UAE Threatens To Walk Away From $23 Billion US Arms Deal

As China scrambles to build more aircraft carriers and other munitions systems that can deliver its hypersonic missiles (which have become a major point of contention since the missiles are more advanced than any US weapons system, and also cannot be stopped), it appears more countries are having second thoughts about buying American weapons systems, and perhaps giving China’s offerings a second thought.

According to WSJ, the UAE is reportedly thinking about walking away from a massive arms deal that would have seen the tiny Gulf state supplied with $23 billion in aircraft, drones and missiles, including the F-35, Reaper drones and other advanced munitions.

The reasoning given by WSJ for the decision to abandon the deal was that the protective measures demanded by the US to stop Chinese spies from stealing the technology from the UAE were apparently too onerous for Abu Dhabi.

Then again, it’s unclear whether the $23 billion arms deal, inked in the final days of the Trump administration, is actually dead, or whether this is a bargaining tactic by the Emiratis on the eve of a planned visit Wednesday by a high-level UAE military delegation to the Pentagon for two days of talks.
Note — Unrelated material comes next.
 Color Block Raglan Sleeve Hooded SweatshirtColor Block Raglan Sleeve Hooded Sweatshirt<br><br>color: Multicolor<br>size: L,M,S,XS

The letter informing the Pentagon about the UAE’s plans for abandoning the deal was written by a relatively junior government official, creating the impression – according to WSJ’s sources – that the move is a bargaining tactic. But although the US has legitimate concerns about the tech falling into the wrong hands, Lockheed Martin and the Pentagon both have good reasons for trying to save the deal.

Still, the US has become increasingly concerned about Beijing’s growing influence both within the UAE and among its neighboring Gulf states. The fifth generation fighter jet technology cost the US a small fortune to develop, and few want to risk simply allowing the technology to fall into China’s hands.

“We remain committed to these sales, and the Emiratis have raised some concerns,” said a U.S. official. “Frankly, we have some questions of our own. This sort of back-and-forth is not unusual for significant arms sales and we are hopeful we can work through these issues and we think the joint military dialogue will give us an opportunity to do so.”

Then again, China’s hypersonic missile test was pretty impressive, as American generals have acknowledged. Could this be the beginning of a major shift in the Gulf where American-made munitions are slowly replaced by weapons systems designed and made in China (with plenty of input from stolen American technology).